They say there’s a fine line between genius and madness. It’s a line that our Mr. Sato frequently walks.
One day, fellow Rocketnews24 writers Mr. Sato and P.K. Sanjun were out getting lunch at a self-serve soba noodle restaurant.
After a pleasant conversation about kidney stones, P.K. wiped his mouth with a napkin and put all of his garbage on his tray to take to the counter.
“Well, back to work,” P.K. said to Mr. Sato in a voice cheerily full of well-fed camaraderie. However, as P.K. turned to leave Mr. Sato murmured something in voice that appeared to be stifling rage.

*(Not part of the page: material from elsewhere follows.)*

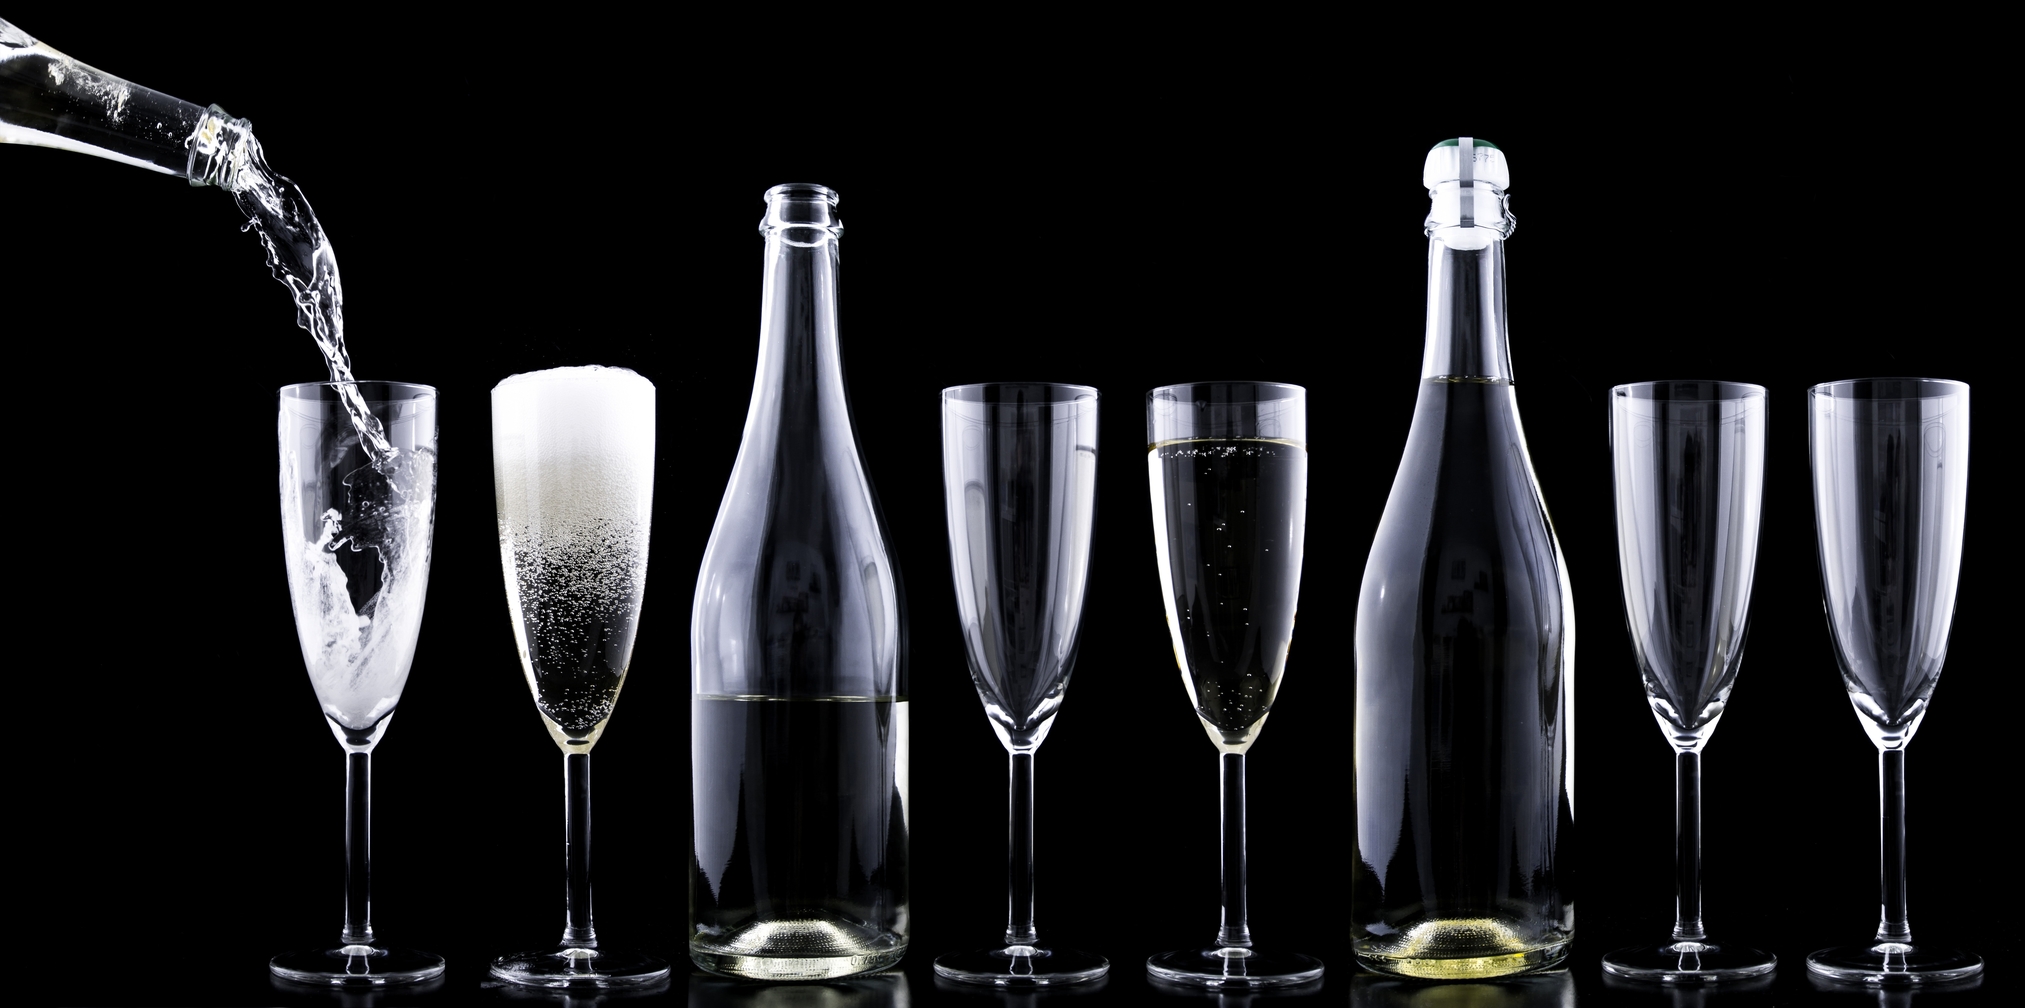 Champagne bottles and glasses image
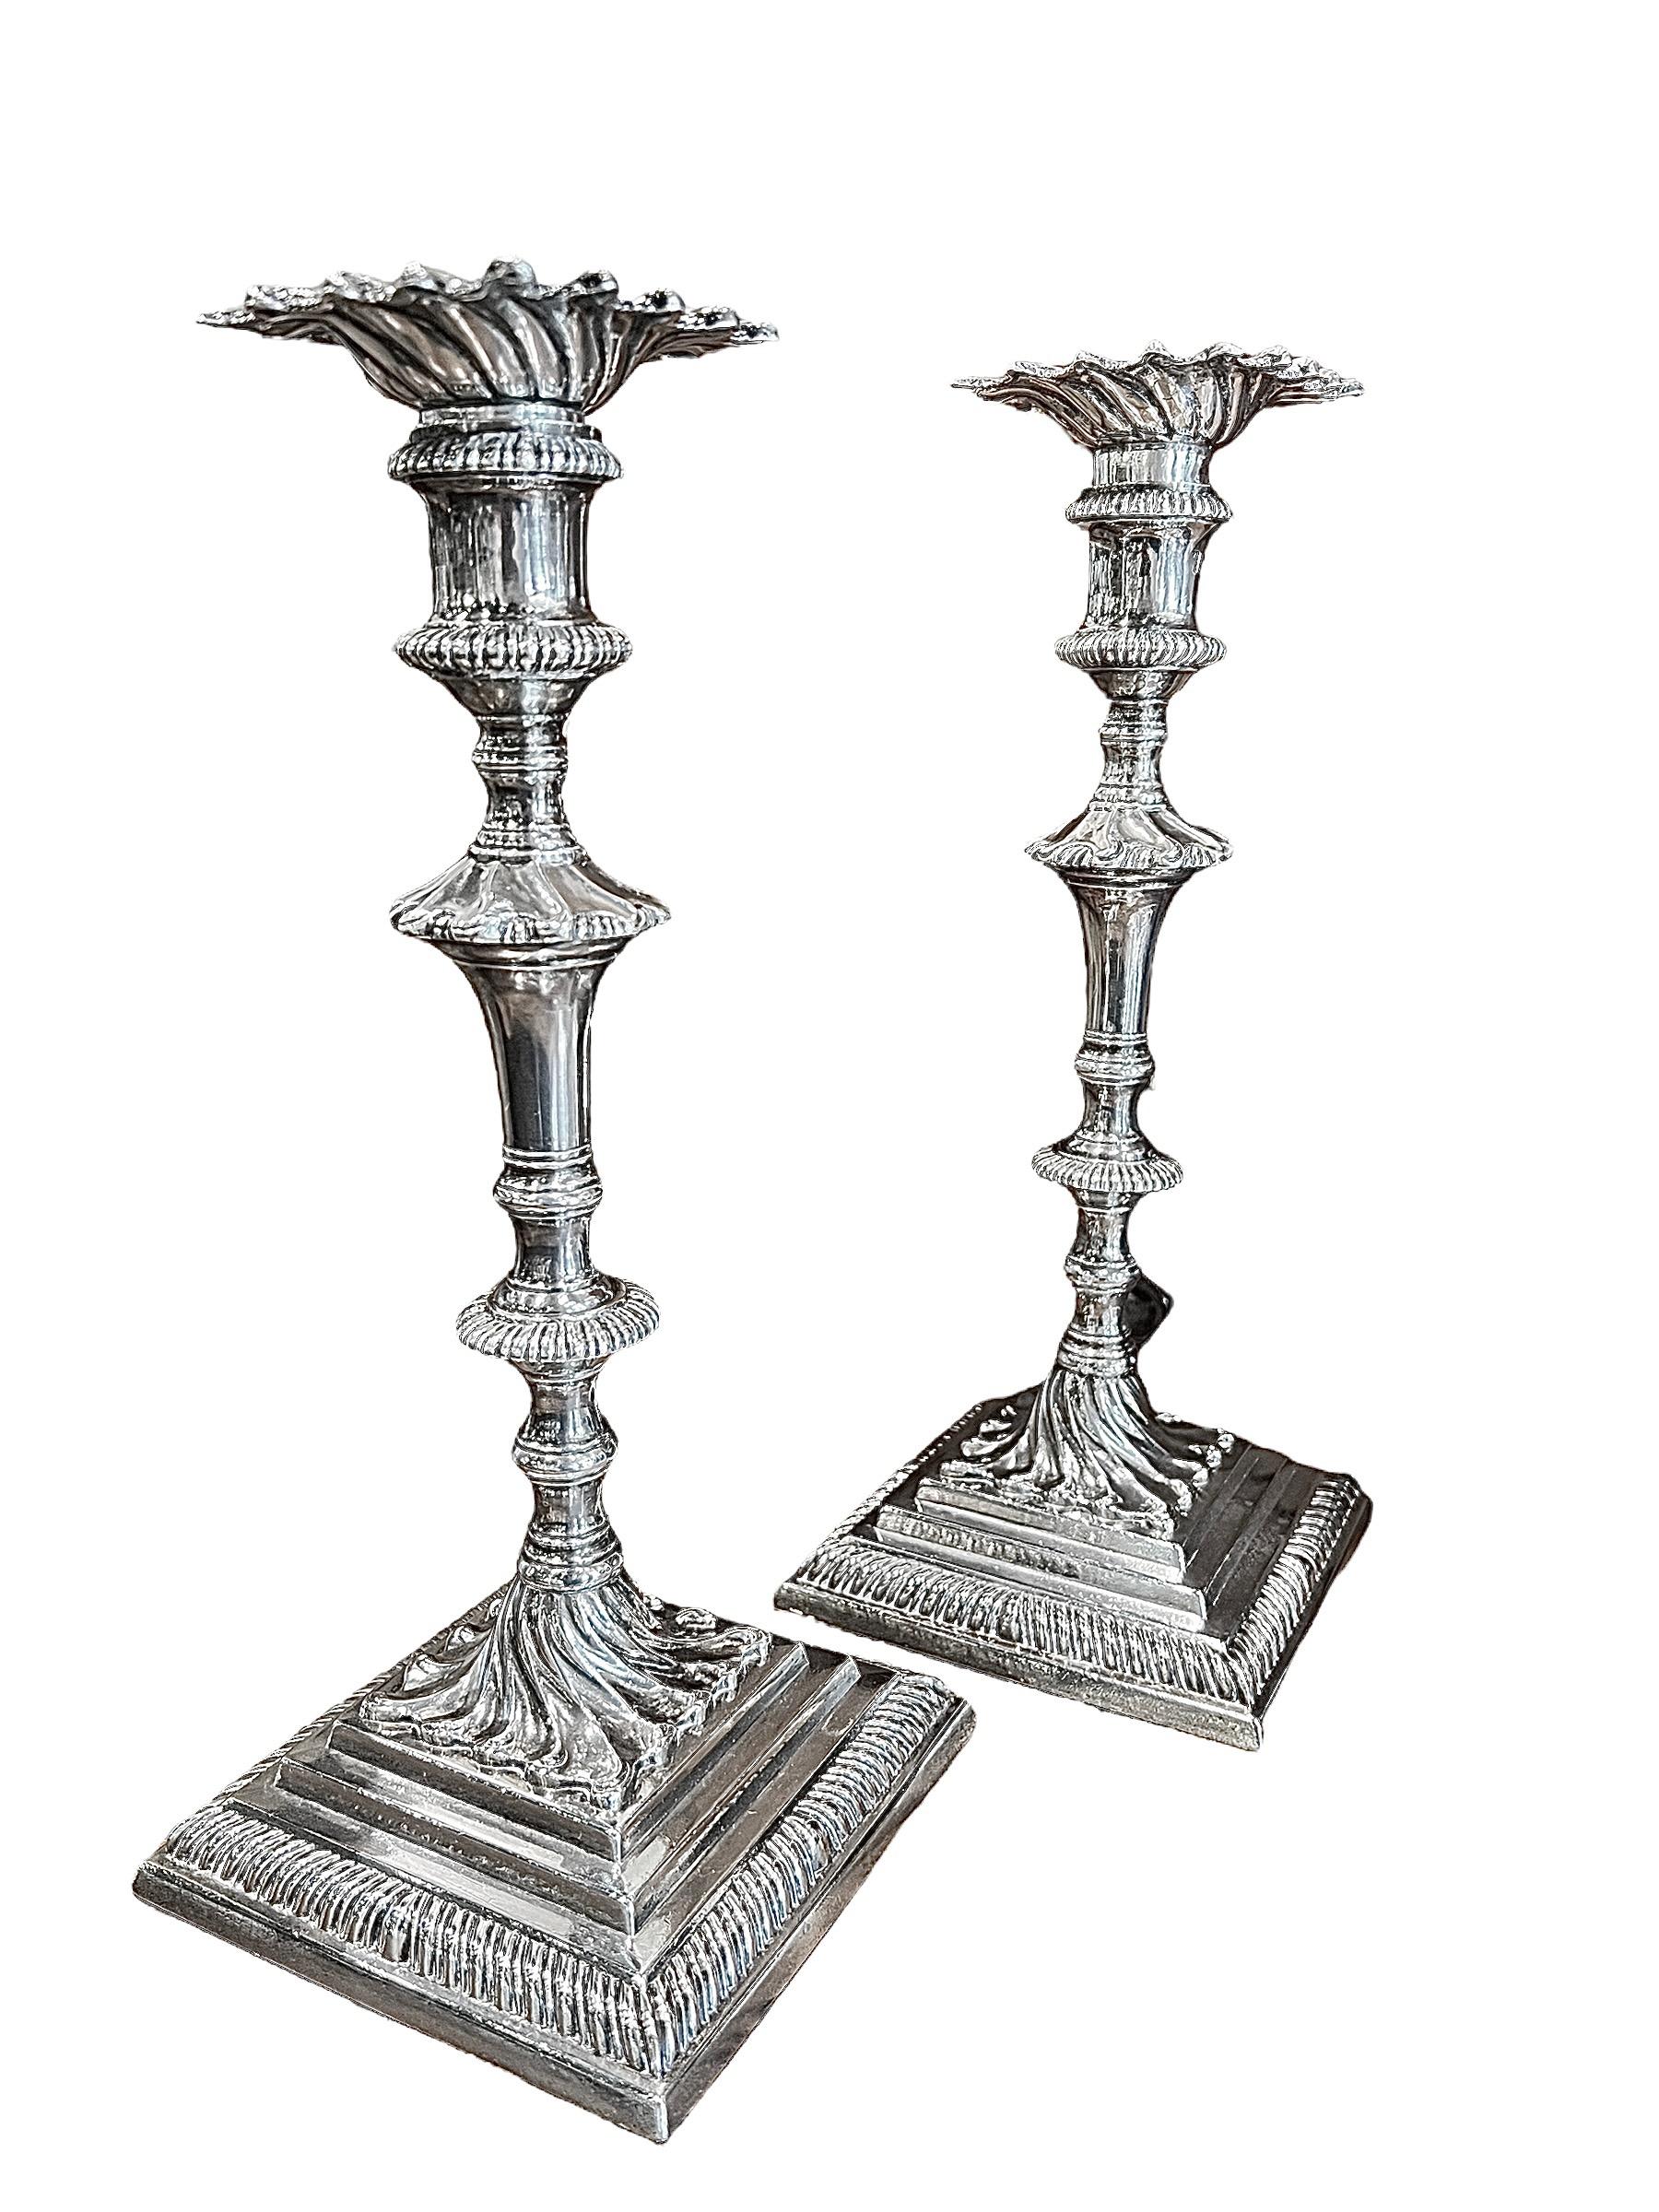 Hammered 1763 Pair of George III Sterling Silver Candlesticks by William Cafe, English

Mr. Sato: “P.K…You’re not throwing away everything on that tray, are you?”
P.K. turned back towards Mr. Sato and saw that a darkness had fallen over the usually easy-going coworker. Not knowing quite what the question meant, P.K. had no choice but to go with the truth.
P.K. Sanjun: “Um… Yup. Just gonna go over there an…”
Mr. Sato: “You son of a bitch!! Why are you throwing out your disposable chopsticks? What’s the point of coming to a restaurant to begin with?! Oh, maybe I forgot you’re actually a globe-trotting celebrity? No wait, perhaps you forgot to tell me you’re some kinda oil tycoon?!
Since when did you lose your soul? You make me sick, you scum!”
Although the level of Mr. Sato’s anger was very unbecoming of him, P.K. was more taken aback by the apparent reason for his rage. He wasn’t quite sure about the details but it definitely had something to do with throwing away wooden disposable chopsticks.
P.K. Sanjun: “Look, I appreciate people who know how to save money at every opp…”
Mr. Sato: “Jeeze P.K… You really don’t get it do you? You poor bastard… The worth of used disposable chopsticks goes far beyond money.”
Mr. Sato was cautiously settling down now that it appeared P.K. had no idea what was going on. His face took on a solemn Buddha-like expression of utter certainty as he explained.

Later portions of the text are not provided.